# P2P in Java - JINI. JXTA. BAHNHOF :-)



## richardkrieger (10. Dez 2006)

Hallo,

habe im Inet docus zu JXTA gesucht, habe auch was gefunden, SOGAR IN DEUTSCH 
nur es taucht immer wieder JINI auf. Links auf SUN sind teilweise defekt. Hat schon jemand was mit JINI gemacht?
ich suche gerade etwas, womit ich einfaches P2P realisieren kann: 1 Server+viele Clients.

Gruss Richard


----------



## BlackReloaded (10. Dez 2006)

Hi,

also P2P ist nicht 1 Server und viele Clients, das nur mal am Rande.

Hast du es mal über Sockets versucht?
Bzw, was willst du damit realisieren?


----------



## richardkrieger (11. Dez 2006)

Hallo,

es ist nun mal so, dass es besser ist, wenn es einen Server gibt, der den Clients informationen gibt, wo sich die anderen Clients befinden. Das war zum Beispiel ein Problem bei eDonkey - es gab viele Server, die aber keine feste IP's hatten und so mussten die Clients eine ziemlich lange Liste durcharbeiten, bis man sich mit einem Server verbindet. Deswegen sind viele bei KAZAA geblieben. Deswegen gibt es jetzt Overnet - wenn ich die Geschwindigkeit sehe, wie schnell man "drin" ist, vermute ich mal, dass es da auch einen Zentralserver gibt.

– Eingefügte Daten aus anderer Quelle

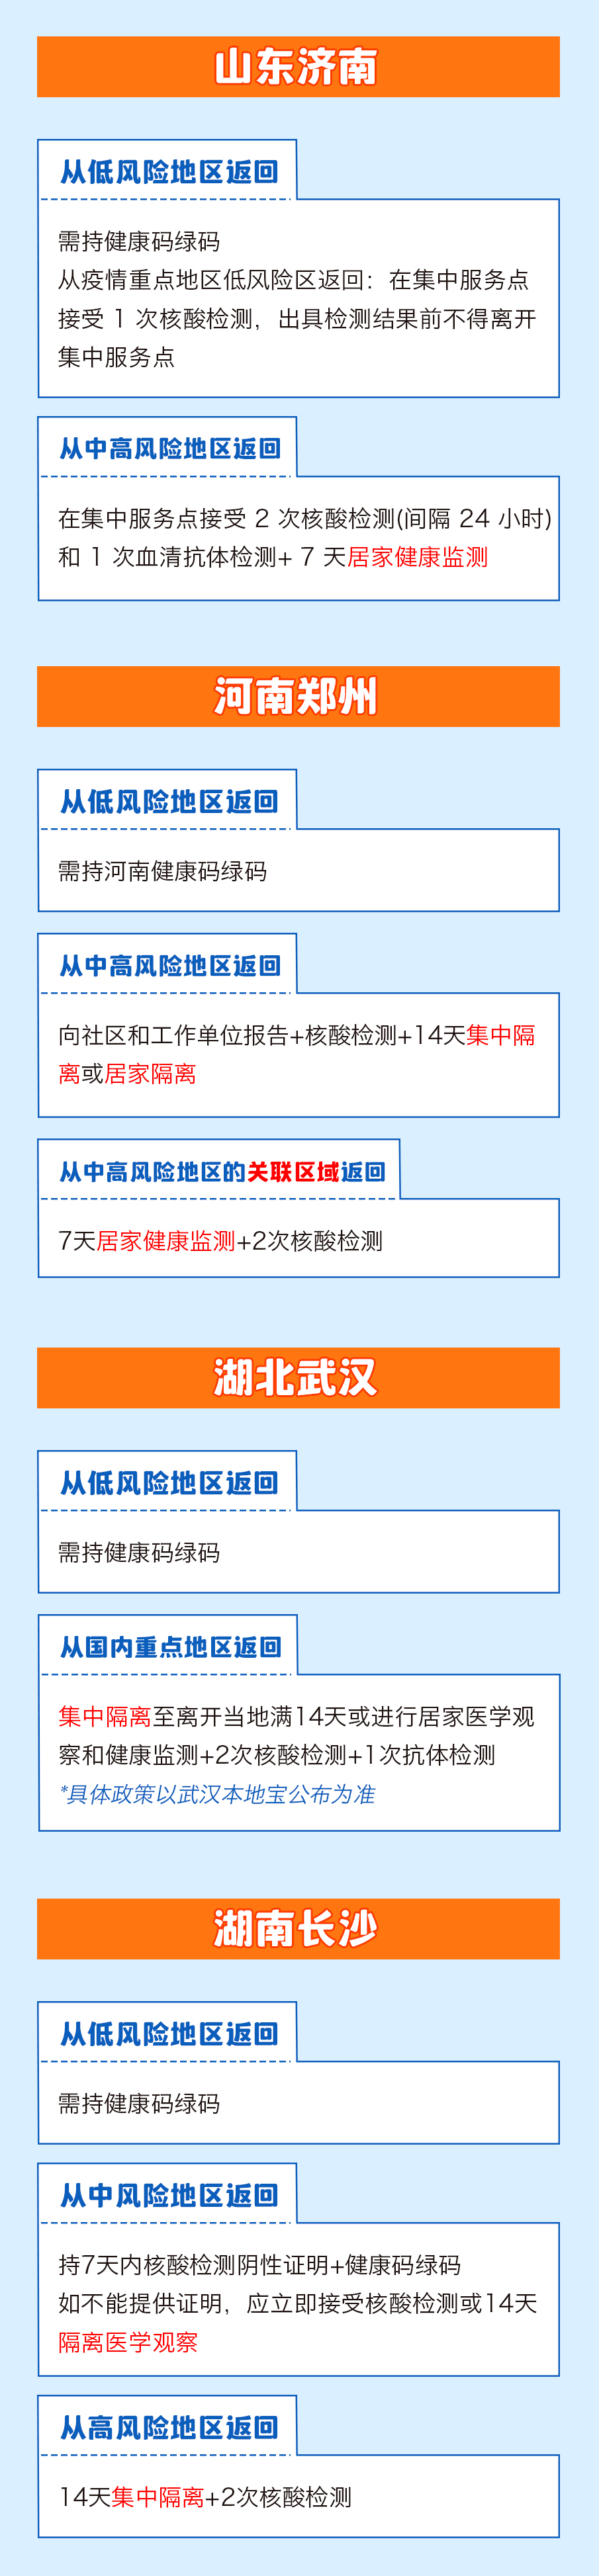 春节返乡是否需要隔离?31个省市最新情况一图看懂!
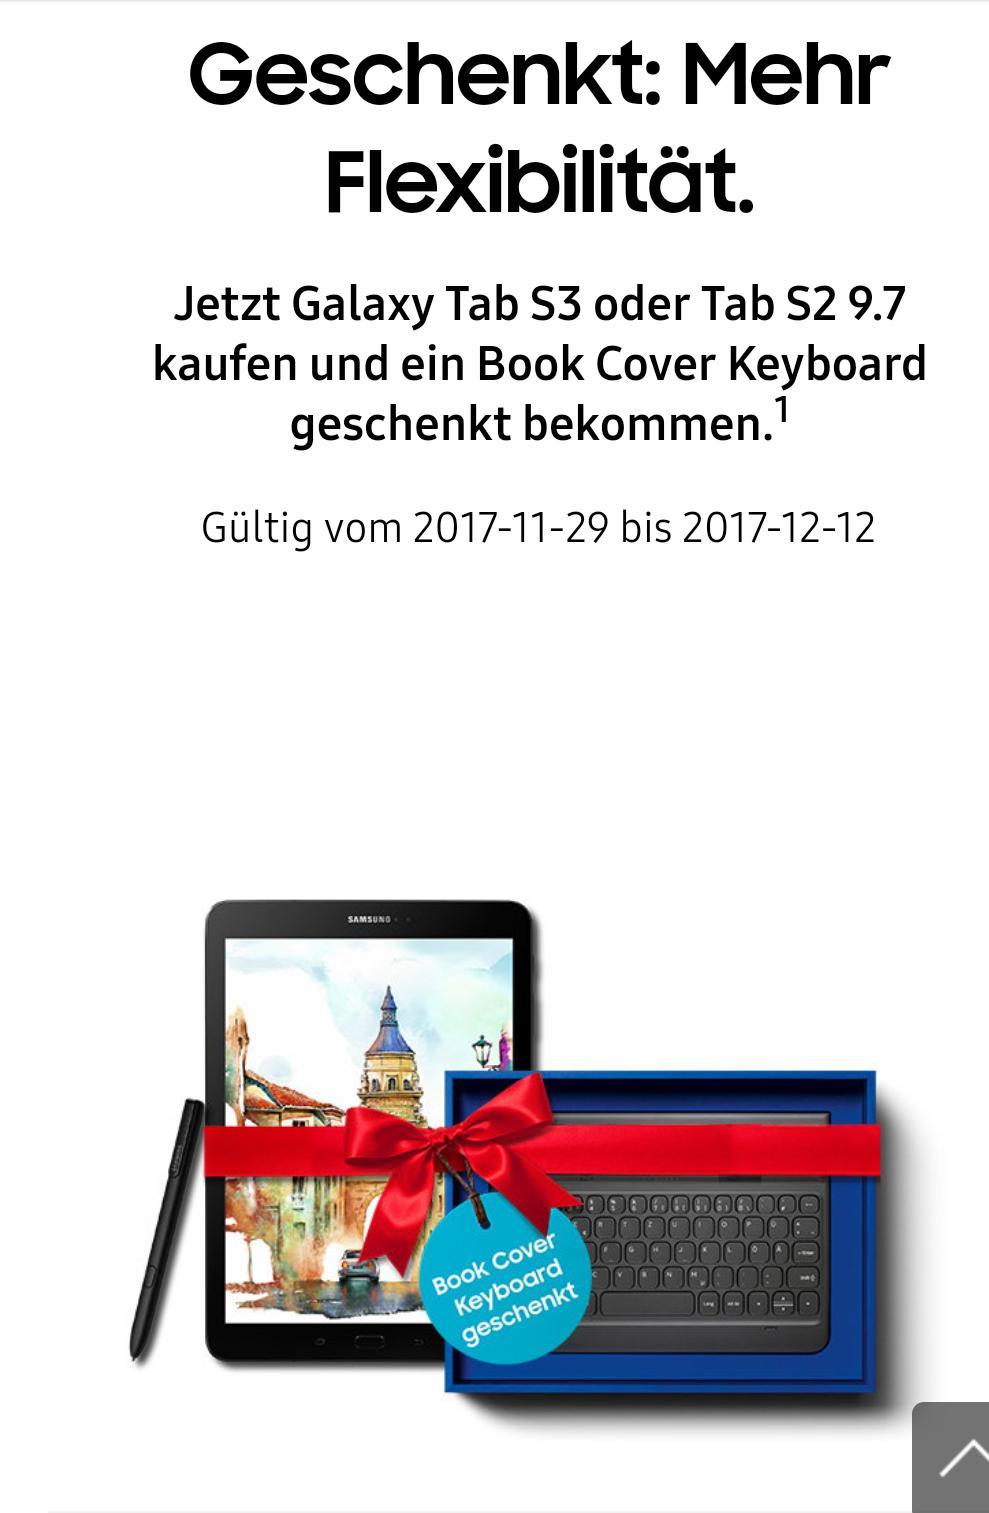 Samsung Galaxy Tab S2 oder S3 + 100€ MM-Gutschein Gutschein + Book Cover Keyboard gratis

Ausserdem gibt es eine Gesetzeslücke, die anscheinend nie geschlossen werden kann: es ist verboten informationen über illegale Inhalte auf dem Server zu speichern, ABER es ist nicht verboten, informationen über die User zu sammeln. Das heisst, Server muss dem Client nur die IP's von anderen Clients mitteilen. Alle suchanfragen und Antworten machen die Clients selbst untereinander. Somit handelt Server LEGAL, Clients - ILLEGAL.

Das Problem, was ich habe ist die Firewall. Heutzutage werden in 99% aller Fälle keine DSL-Modems, sondern DSL-Router an den Kunden geliefert. Die Router haben einen Portfilter. Was die "Ports" sind, weiss der "Otto-Normalverbraucher" nicht, geschweige den "Portweiterleitung". Die wissen nicht mal dass man per Browser auf den Router zugreifen kann. Die wissen auch nicht, dass man die Zugangsdaten im Router selbst erfassen kann und braucht dann keine Zugangssoftware auf dem Rechner. Diese Informationen stammen aus meiner Praxis(bin Selbständiger "PC-DOKTOR"). Also muss ein Client SIMPEL in der Installation und Bedienung sein.

JXTA kann, wenn ich mich nicht täusche, HTTP-Tunnel aufbauen. Das wäre eine Möglichkeit, die Firewall zu umgehen.

Gruss Richard


----------



## EOB (14. Dez 2006)

trotzdem ist p2p nicht nur ein server und der rest rechner, sondern jeder ist server und jeder ist rechner. was du meinst ist doch wohl eher client server, oder wie?

gruesse


----------